# Joey Lawrence



## D-50 (Oct 18, 2007)

Just wanted to open a thread about this young man.  His style is very impressive and obviously he has a ton of talent in conceptualizing a shot and then post processing his photos.  I would like to see people's attempt to recreate his style on this site though. I have seen some work here that almost rivals his. Hey mods you can bump this thread now to the right section but I did not want to post in photo themes because I feel that section is not viewed as much.  Lets see your best attempts. If you feel like giving some insight into your proces that would be nice for everyone but I understand if you dont.. Here a hint to some of you who have no idea. Create HDRs from a single shot and overlay layers with high pass filters, use shadow/highlight adjustments, and USM in small doses.  The rest is up to you Ill post some when I have time but "The office" is almost on and I'm half way into a bottle of wine that needs to be finished.


----------



## Sw1tchFX (Oct 18, 2007)

Lawrence is able to create his style through the lighting. It's not all in the post production. 

I think what I did today actually is pretty close to his look for the most part. Gritty and cold. I just set up my SB-600 as a kicker, and in the post production, turn down the vibrance, do contrast adjustments, in CS2, run smart sharpen over a few times with large radii, and up the contrast on the eyes. 
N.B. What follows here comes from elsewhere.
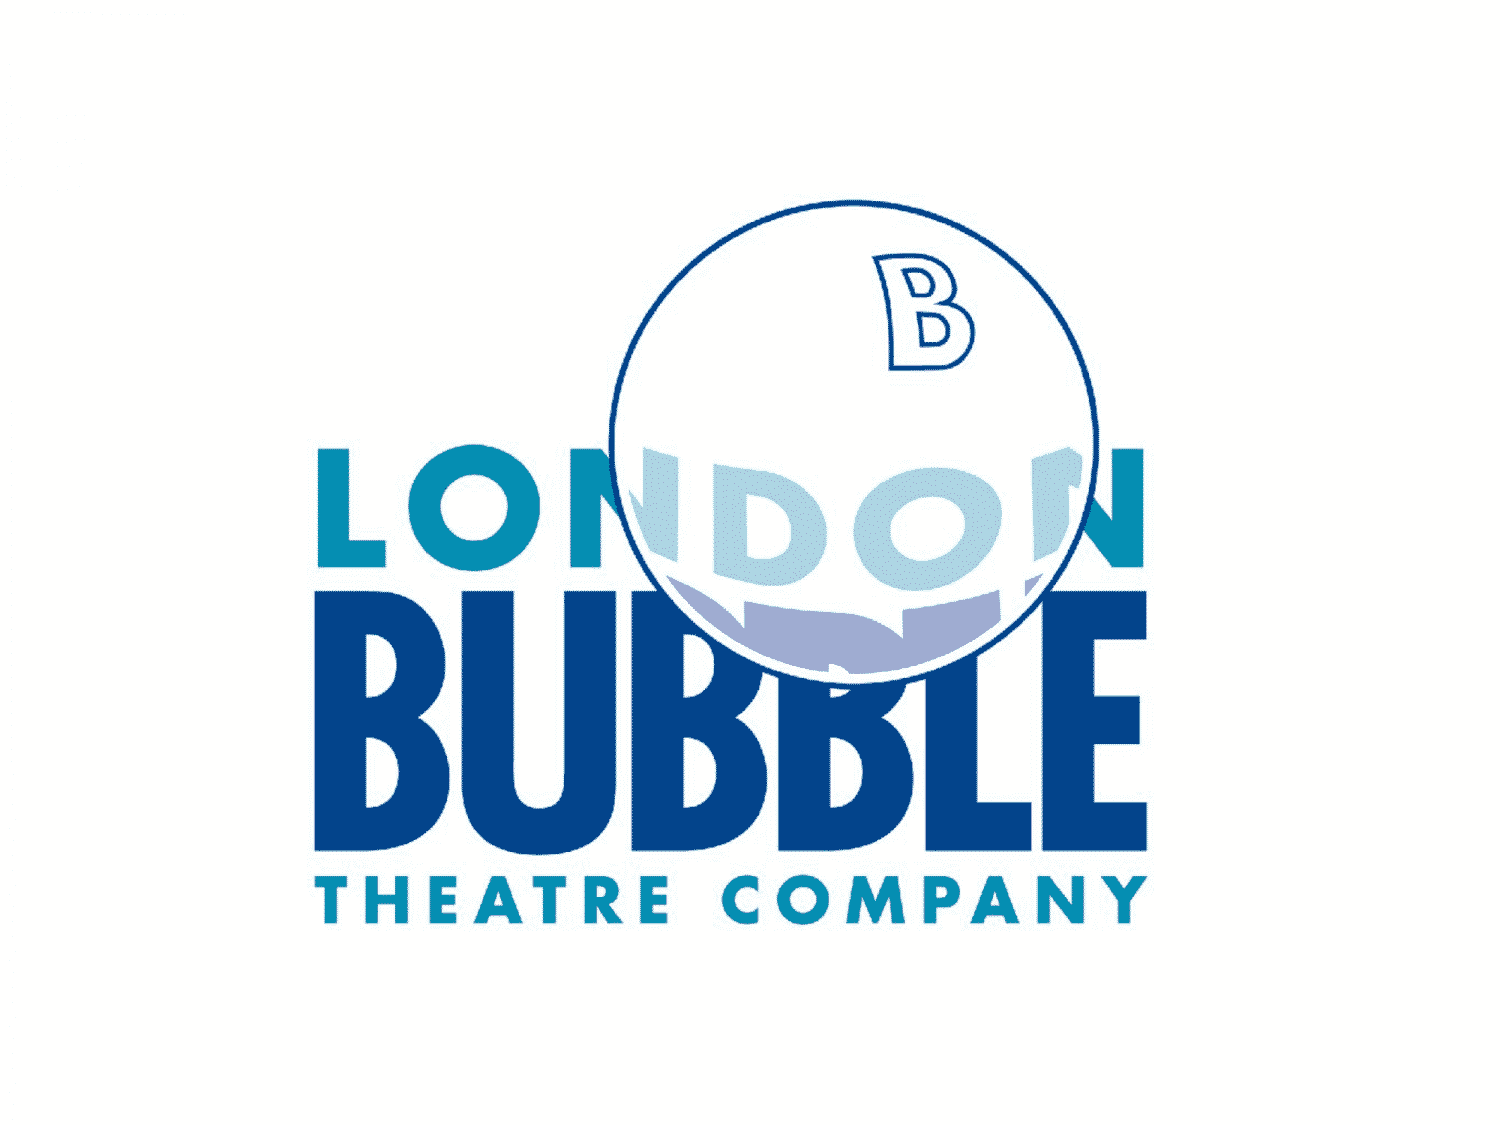 London Bubble Theatre Company supports WYO
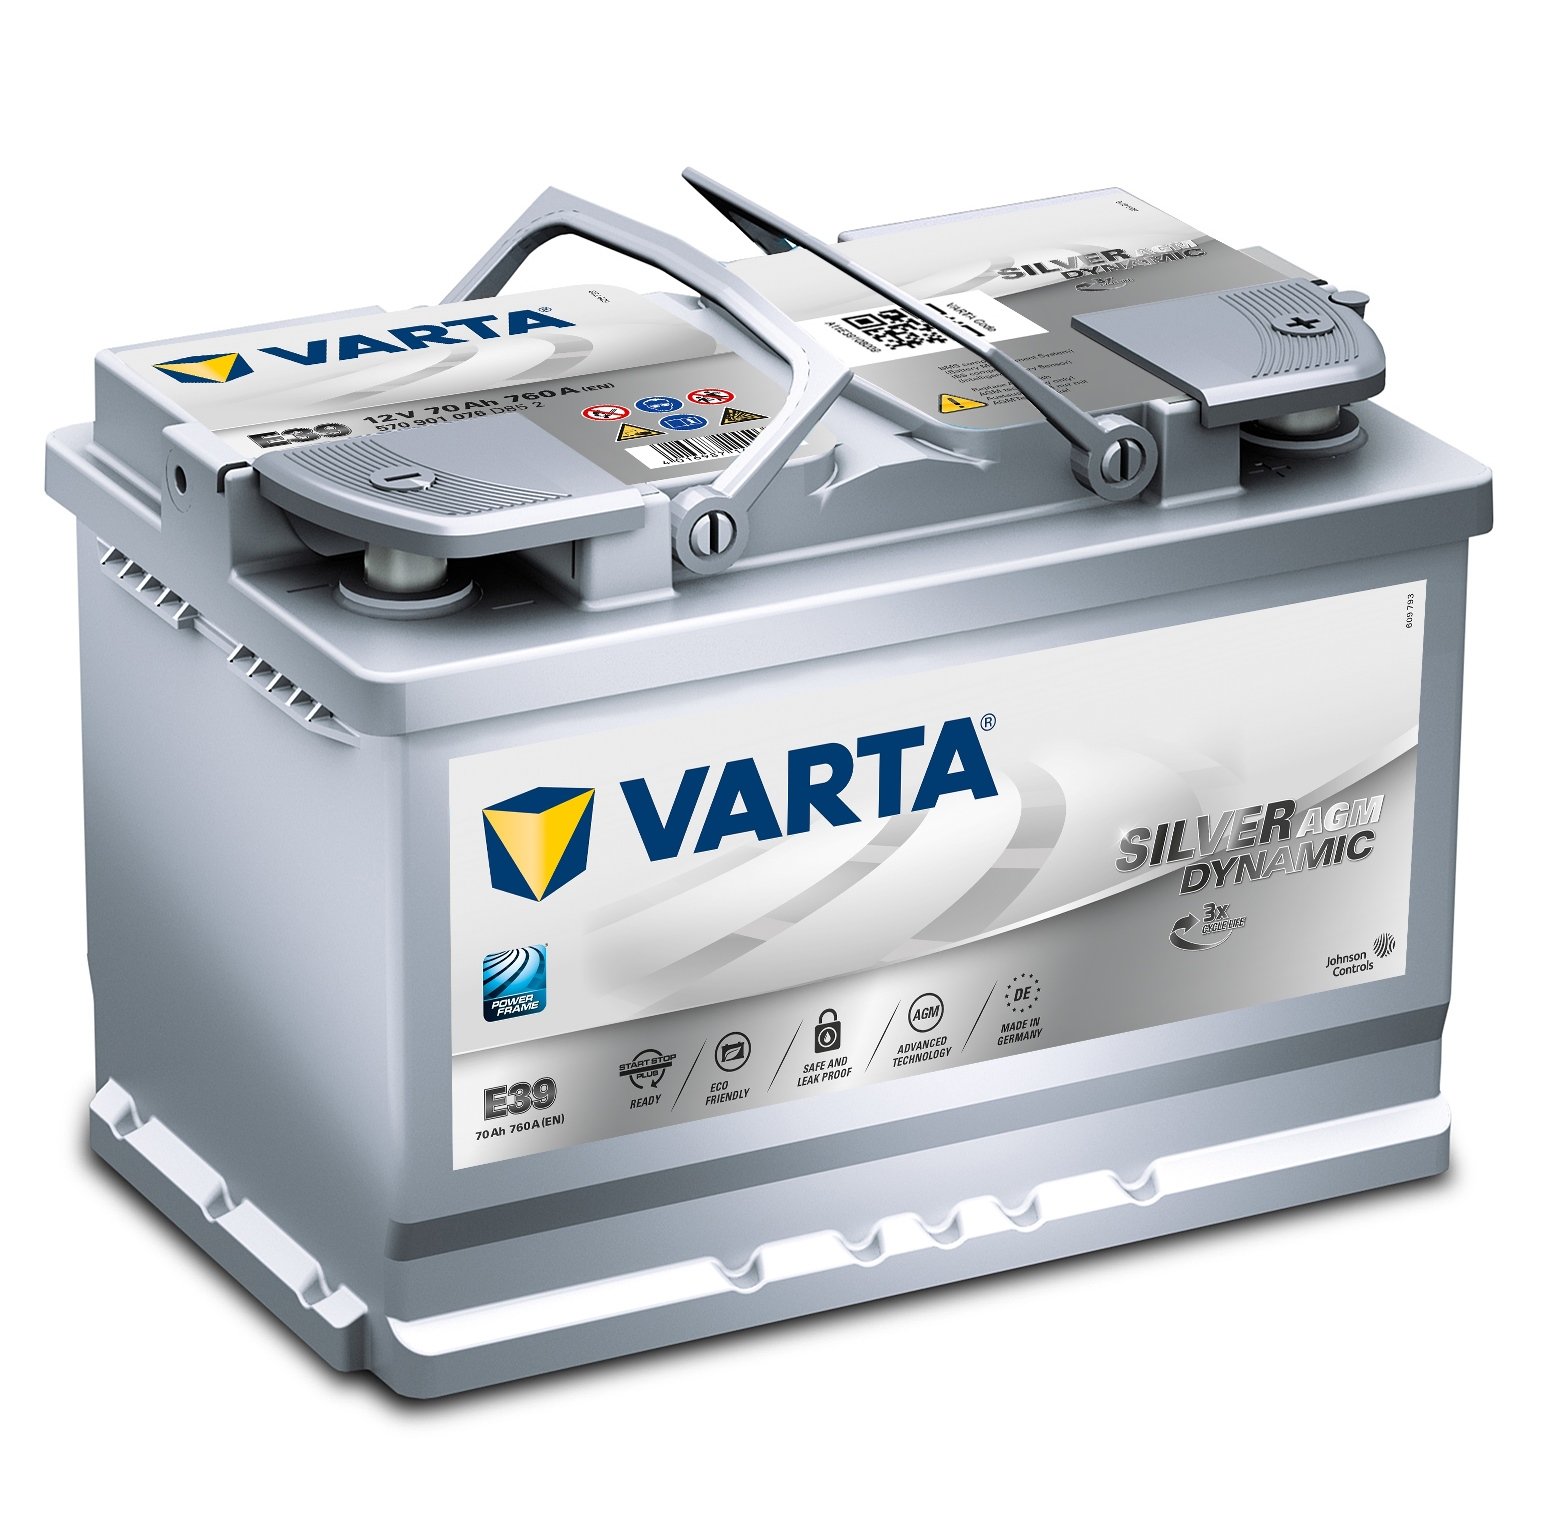 Varta 570901076b512 Batterie, 278 *175 * 190 mm von Varta

This is like the other image I posted, but I toned the eyes down a little. Lawrence's aren't as bright as the ones I had earlier. 







Lawrence uses a bunch of other textures for his work too. He actually has a $300 DVD out that basicly provides you with everything needed to make your images look like his, granted you have the lighting set up right.


----------



## D-50 (Oct 19, 2007)

He definatly uses creayive lighting to his advantage but after reading an interview with him I believe he uses a ton of post processing.  He talks about how post production is as important and is as essential to his craft as the actual shooting is. This leads me to believe he uses quite a bit.


----------



## Joxby (Oct 19, 2007)

D-50 said:


> He talks about how post production is as important and is as essential to his craft as the actual shooting is. This leads me to believe he uses quite a bit.



He under-estimates the importance of processing to him.....vastly
Without it, this thread wouldn't exist.
Or...maybe it would, who knows, strip back the processing in your mind to see the real Joey Lawrence.
I don't think he's half bad actually..


----------



## ilockert (Oct 19, 2007)

I actually have his DVD which he sets up a shot and gose from start to finish on everything. I got it when i did even know what ps was I ought to dig it out and re watch it see if i can figure it out now.


----------



## D-50 (Oct 19, 2007)

I was not saying he bad at all, on the contrary I think his work is great. I would love to see some landscape work by him as well


----------



## fido dog (Oct 19, 2007)

Very "Behind Enemy Lines" to me.

The work is sooo modern and cool.


----------



## alexblackwelder (Oct 21, 2007)

http://tutorial.joeyl.com/


----------



## alexblackwelder (Oct 21, 2007)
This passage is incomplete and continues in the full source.